Description
From award-winning historian Robin Lane Fox, Alexander the Great searches through the mass of conflicting evidence and legend to focus on Alexander as a man of his own time.
Tough, resolute, fearless, Alexander was a born warrior and ruler of passionate ambition who understood the intense adventure of conquest and of the unknown. When he died in 323 BC aged thirty-two, his vast empire comprised more than two million square miles, spanning from Greece to India.
His achievements were unparalleled – he had excelled as leader to his men, founded eighteen new cities and stamped the face of Greek culture on the ancient East. The myth he created is as potent today as it was in the ancient world.
Combining historical scholarship and acute psychological insight, Alexander the Great brings this colossal figure vividly to life.
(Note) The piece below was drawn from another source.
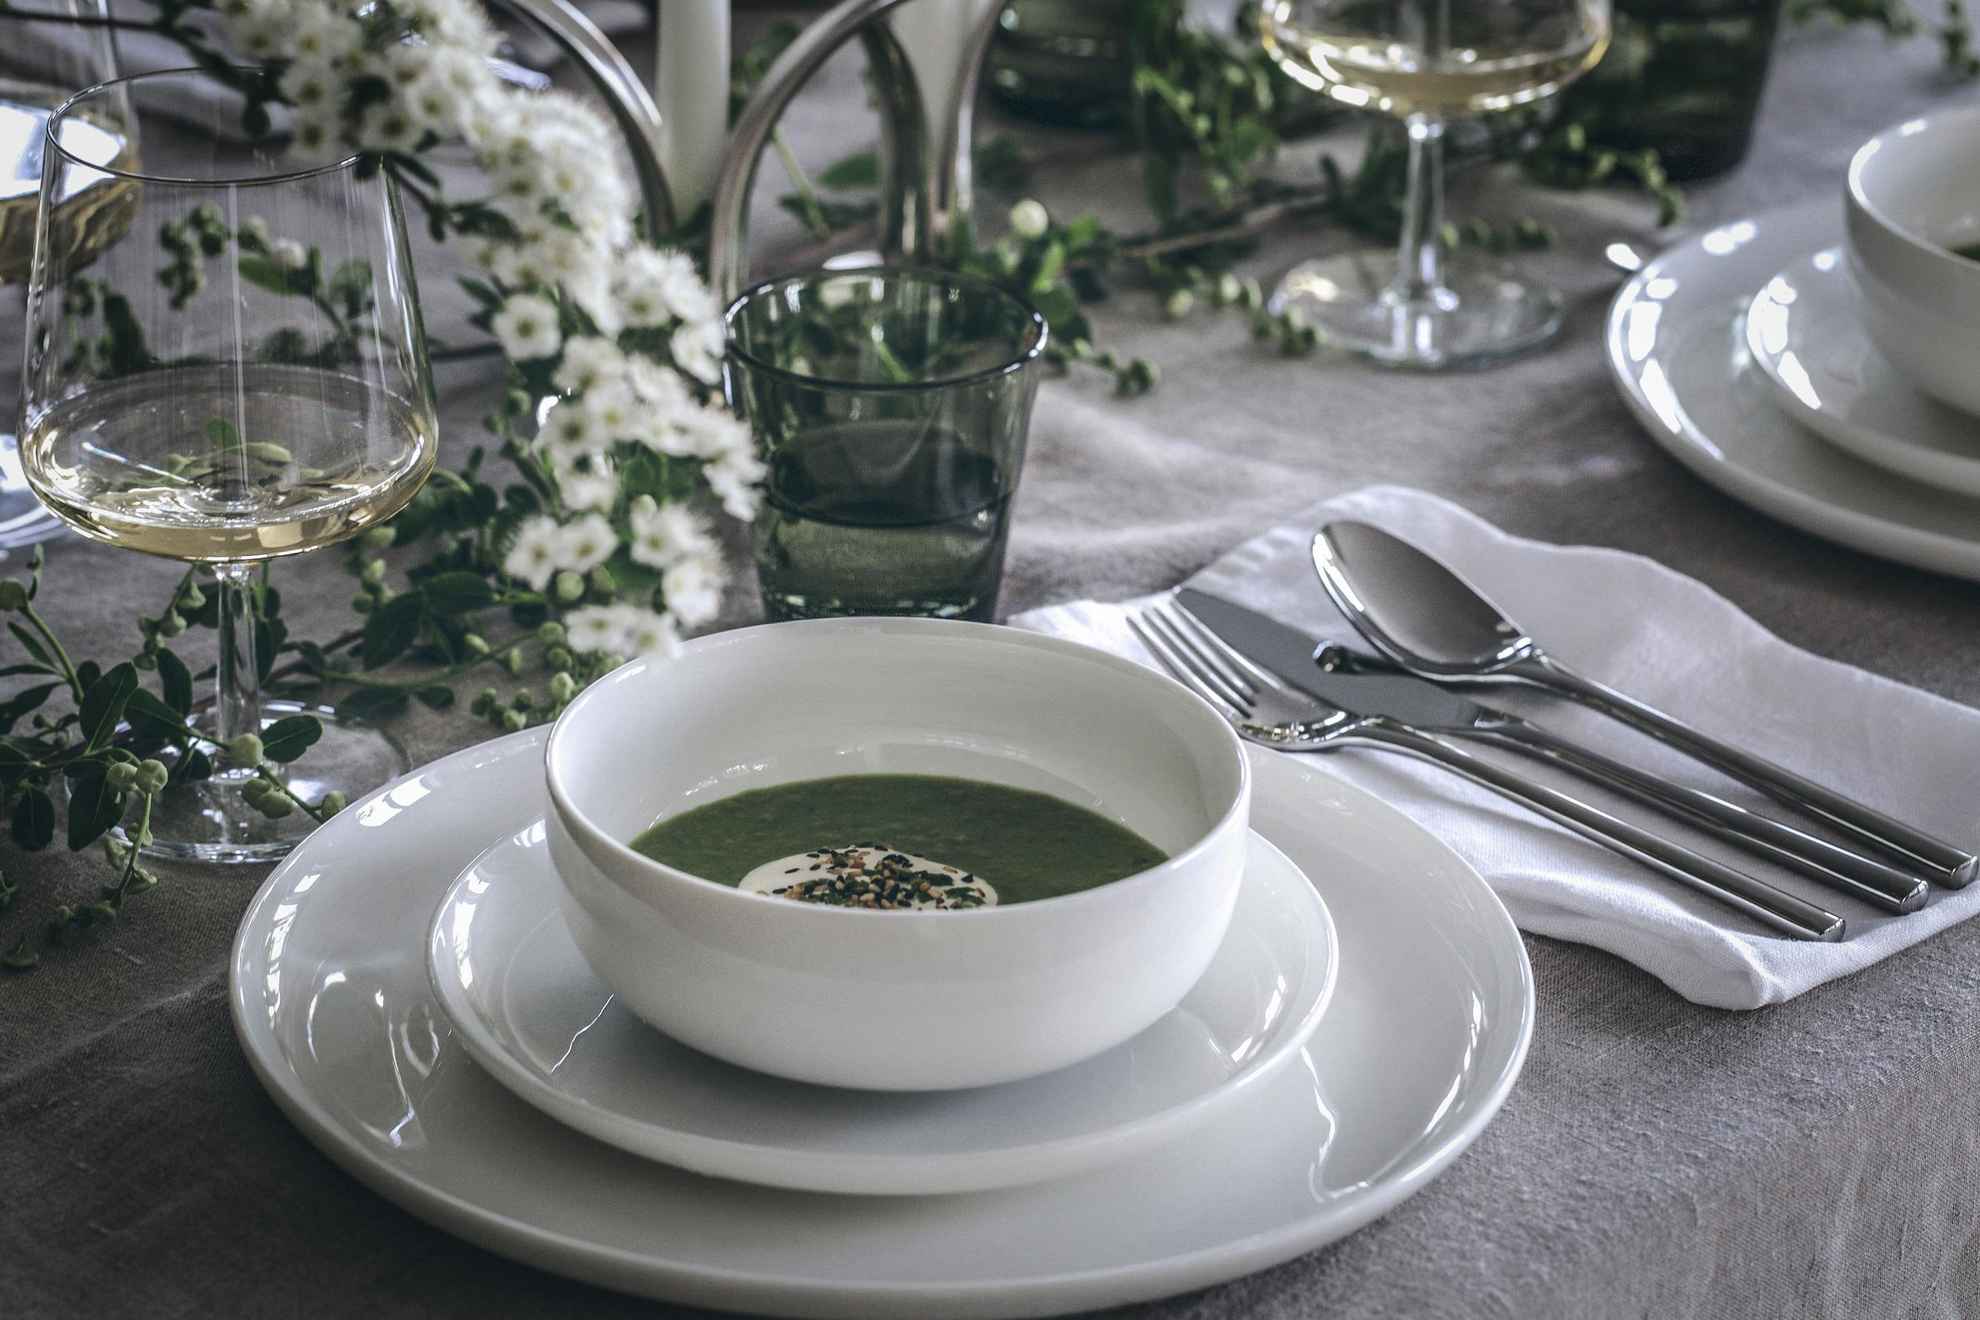 Gros plan sur une table où sont disposés des assiettes blanches et un bol de soupe aux pois verts, un verre à vin avec du vin blanc. Des fleurs blanches décorent la table.

‘So enjoyable and well-written … Fox’s book became my main guide through Alexander’s amazing story’
  Oliver Stone, director of Alexander
‘I do not know which to admire most, his vast erudition or his imaginative grasp of so remote and complicated a period and such a complex personality’
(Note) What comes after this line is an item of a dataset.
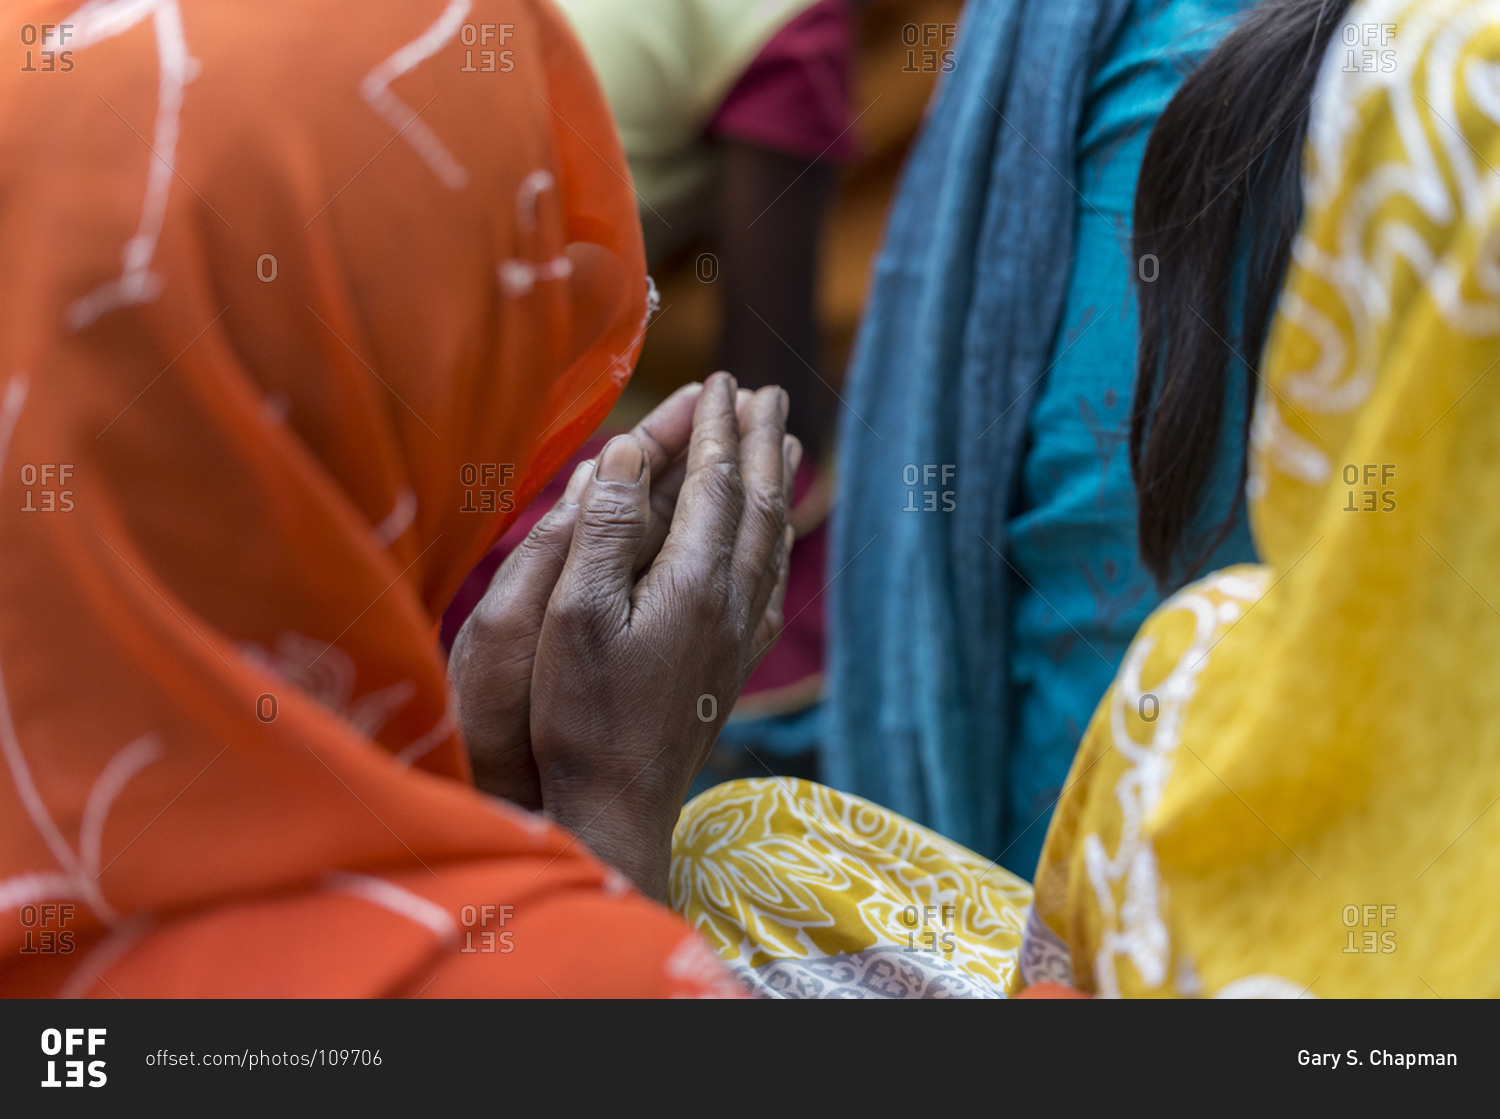 Christian women praying in India

  Cyril Connolly, Sunday Times
‘An achievement of Alexandrian proportions’
  New Statesman
Robin Lane Fox was the main historical advisor to Oliver Stone on his film Alexander, and took part in many of its most dramatic re-enactments. His books include The Classical World: An Epic History of Greece and Rome, The Unauthorised Version: Truth and Fiction in the Bible, Travelling Heroes: Greeks and their Myths in the Epic Age of Homer and Pagans and Christians in the Mediterranean World from the Second Century AD to the Conversion of Constantine.